Does Exposure Have a Role to Play?

As stated above, the key to this treatment is response prevention.  There are only two types of exposures I use in treating sensorimotor OCD:

  1. Doing anything that has been avoided because of the symptoms.
  2. Setting reminders of the sensation.  This allows one to practice not engaging with the sensation even when it comes into awareness.  This exposure also underscores that awareness of the sensation is not the problem and does not need to be avoided.

Deliberately sustaining attention to the sensation (which is unfortunately the most common intervention that therapists try) is not an effective exposure.  In fact, it is just asking the patient to do a compulsion (directing attention toward the sensation) on purpose. Mindfulness is also not an effective intervention, because it does not distinguish between awareness and attention.

Sensorimotor as a Paradigm

Although this presentation of OCD is called ‘sensorimotor’ or ‘somatic,’ with both names implying a focus on the body, someone can have the same presentation of OCD without the focus being their body.  That kind of case may also benefit from the approach to treatment outlined above.

For example, sometimes the person’s focus is on certain thoughts being present.  These cases differ from typical ‘Pure O’ cases because the person is distressed by the very presence of the thought, as opposed to being distressed by some question that they are desperately trying to answer.

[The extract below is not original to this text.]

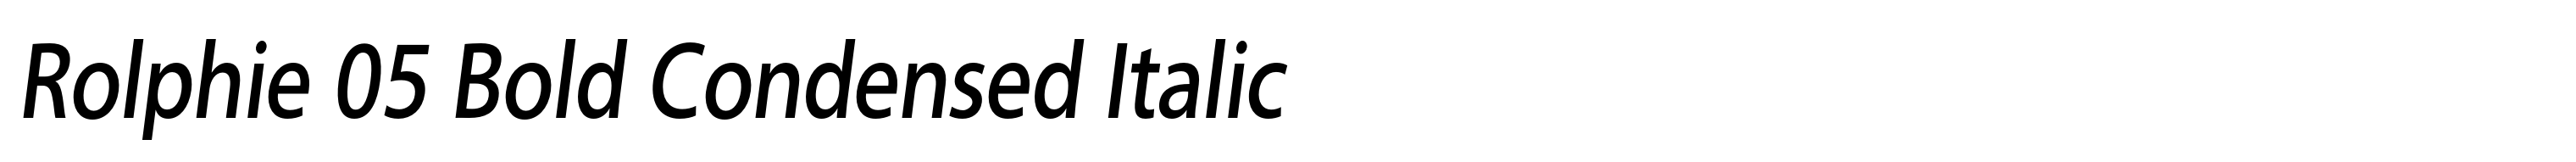 Rolphie 05 Bold Condensed Italic
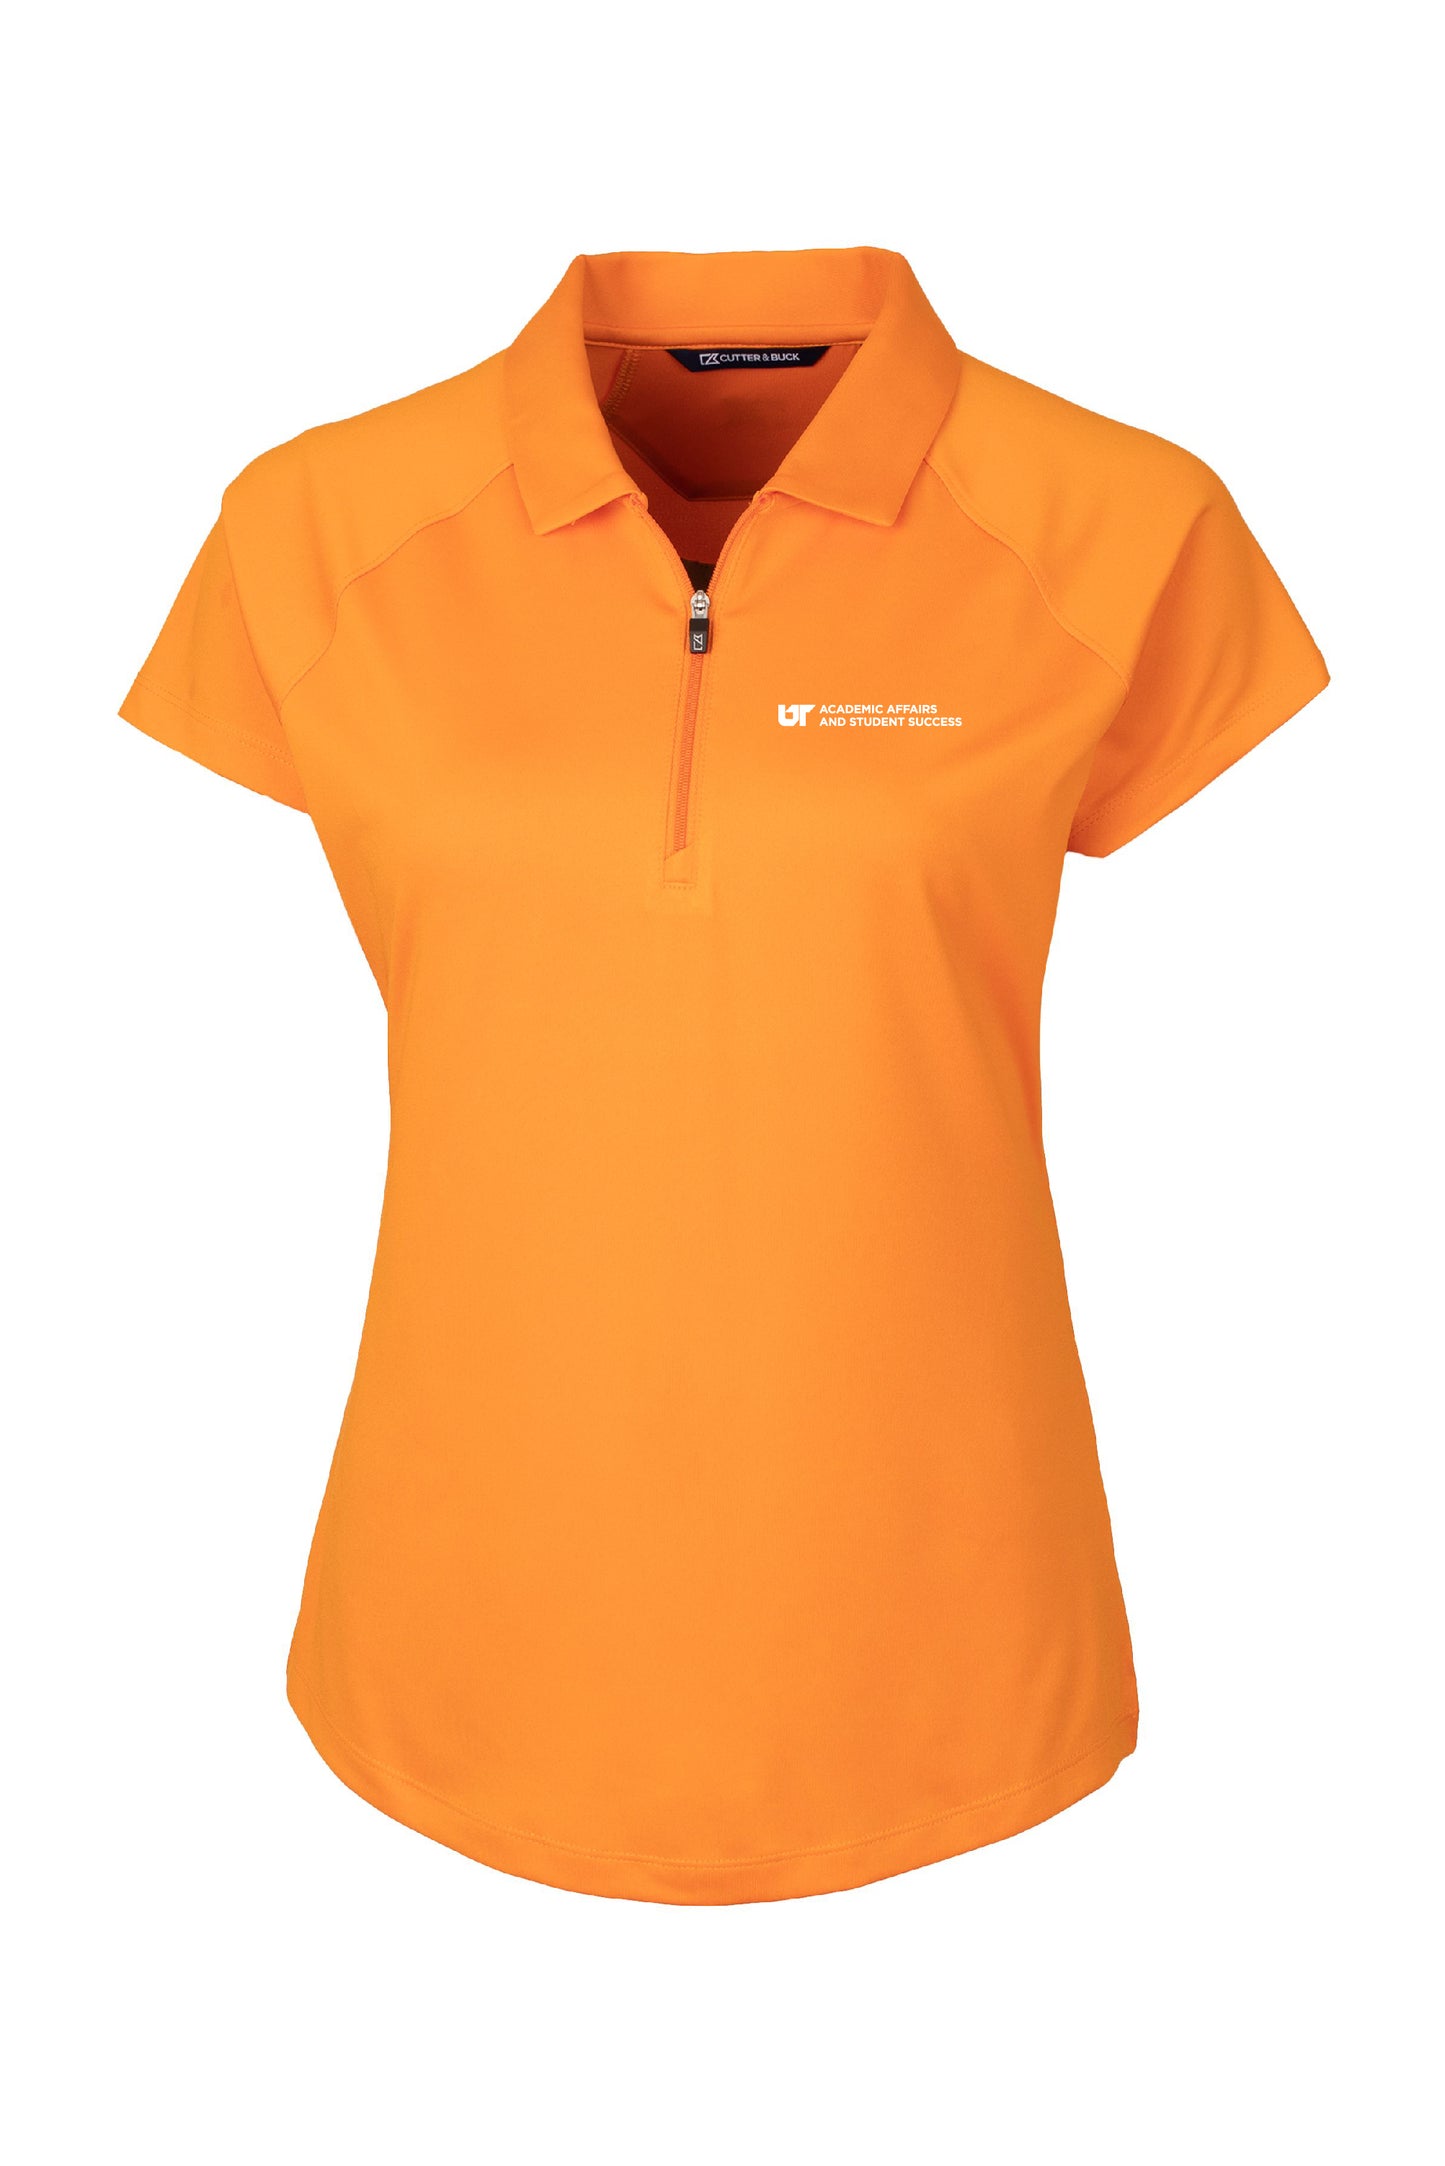 Cutter & Buck Women's Forge Stretch Short Sleeve Polo - Orange

Cases like these are more similar to how people used to think about ‘Pure O’ in general (and how some people unfortunately still do). 

The sensorimotor paradigm can also be applied to some cases of tinnitus and depersonalization-derealization (DPDR).  This is not to say that all such cases involve hyperattention, nor that applying this treatment can completely resolve those symptoms. It’s just to say that in some such cases hyperattention may play a role, and that in those cases the treatment outlined in this article may be helpful.

Sensorimotor as Type 3

Based on my clinical experience, I believe that sensorimotor cases – both those that are focused on the body and those that are not – are generally the third type of OCD case discussed here.  This has implications for addressing the emotional dynamics underlying symptoms.

Conclusion

On a cognitive-behavioral level, the treatment for sensorimotor is very straightforward.  The key is distinguishing between awareness and attention.  If you stop fighting the mental processes you can’t control and start fighting the ones you can, you will start to feel better soon.








Please note that this article is for your information only and does not constitute clinical advice or establish a patient-psychologist relationship.